Speaking of Craig, I met him ten years ago at a Brooklyn Dodgers thing at a recreation center in Freeport, Long Island. I came all the way from where I was living at the time, in Syracuse, 300 miles away, to go to this. I also met Joan Hodges, the widow of Gil Hodges, Dick Williams, Joe Pignatano, and Johnny Podres. What a thrill!

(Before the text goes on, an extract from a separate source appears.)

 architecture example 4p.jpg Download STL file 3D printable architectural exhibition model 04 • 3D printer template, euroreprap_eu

But the BEST thing was meeting Tommy Holmes. I found my father with a rolled up newspaper, and Tommy Holmes was teaching him the best way to hit!!! (He had the National League hitting streak record until Pete Rose broke it). He spent a short time with the Dodgers; he was mostly with the Boston Braves. He told my father that he was going to mention him in his autobiography that he was working on. Sadly, I don’t think that Holmes ever finished the autobiography because he died not too long after that. He was a nice guy. My father said that he and Holmes were talking and kidding around for about a half-hour.

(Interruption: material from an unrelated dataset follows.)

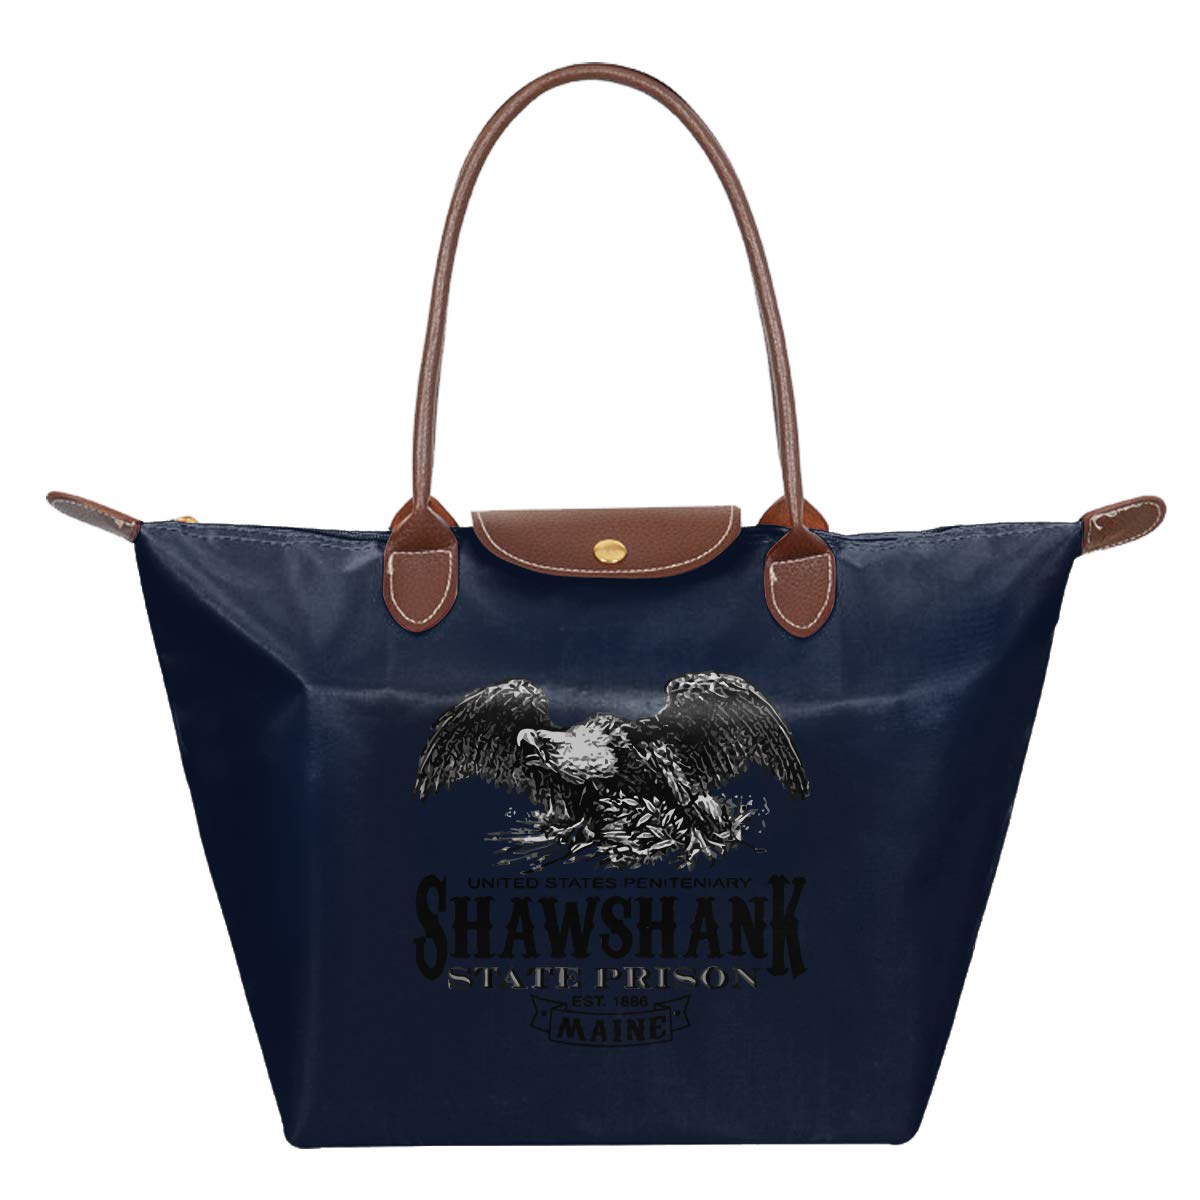 Shawshank Prison Novelty Jail Movie Waterproof Leather Folded Messenger Nylon Bag Travel Tote Hopping Folding School Handbags

The BEST part of the day, at least for me, though, was when my father and I were sitting on this wall in the parking lot of the rec center, just sitting there, enjoying the day. I was wearing my Brooklyn Dodgers cap, and he was wearing an Ebbets Field cap. Well, this big amiable guy comes out of nowhere and pulled on the brim of my father’s cap and said, “I like this cap!” Then he comes over to me and he tugged on the brim of my Brooklyn Dodgers cap and said, “I like THIS one, too!” He then walked towards his car, a Cadillac. I hollered over to him, “Were you with the Dodgers?” and he just said, “Yeah!” Well, then I noticed the license plate on his car was an Indiana plate, and as he drove away, I realized that that guy was none other than CARL ERSKINE! What a great guy! And what a thrill that was, for both my father and me!
Glen
Man, I am so jealous. Wish I could have been there. I would love to have Met those old Brooklyn Dodgers / Mets players.
Great story,
Bill
Thank God, YES, they still make libraries! And I hope that they always DO!
Glen
Yeah, I go to the local one about once per week, and I take the kids there over the summer once in a while.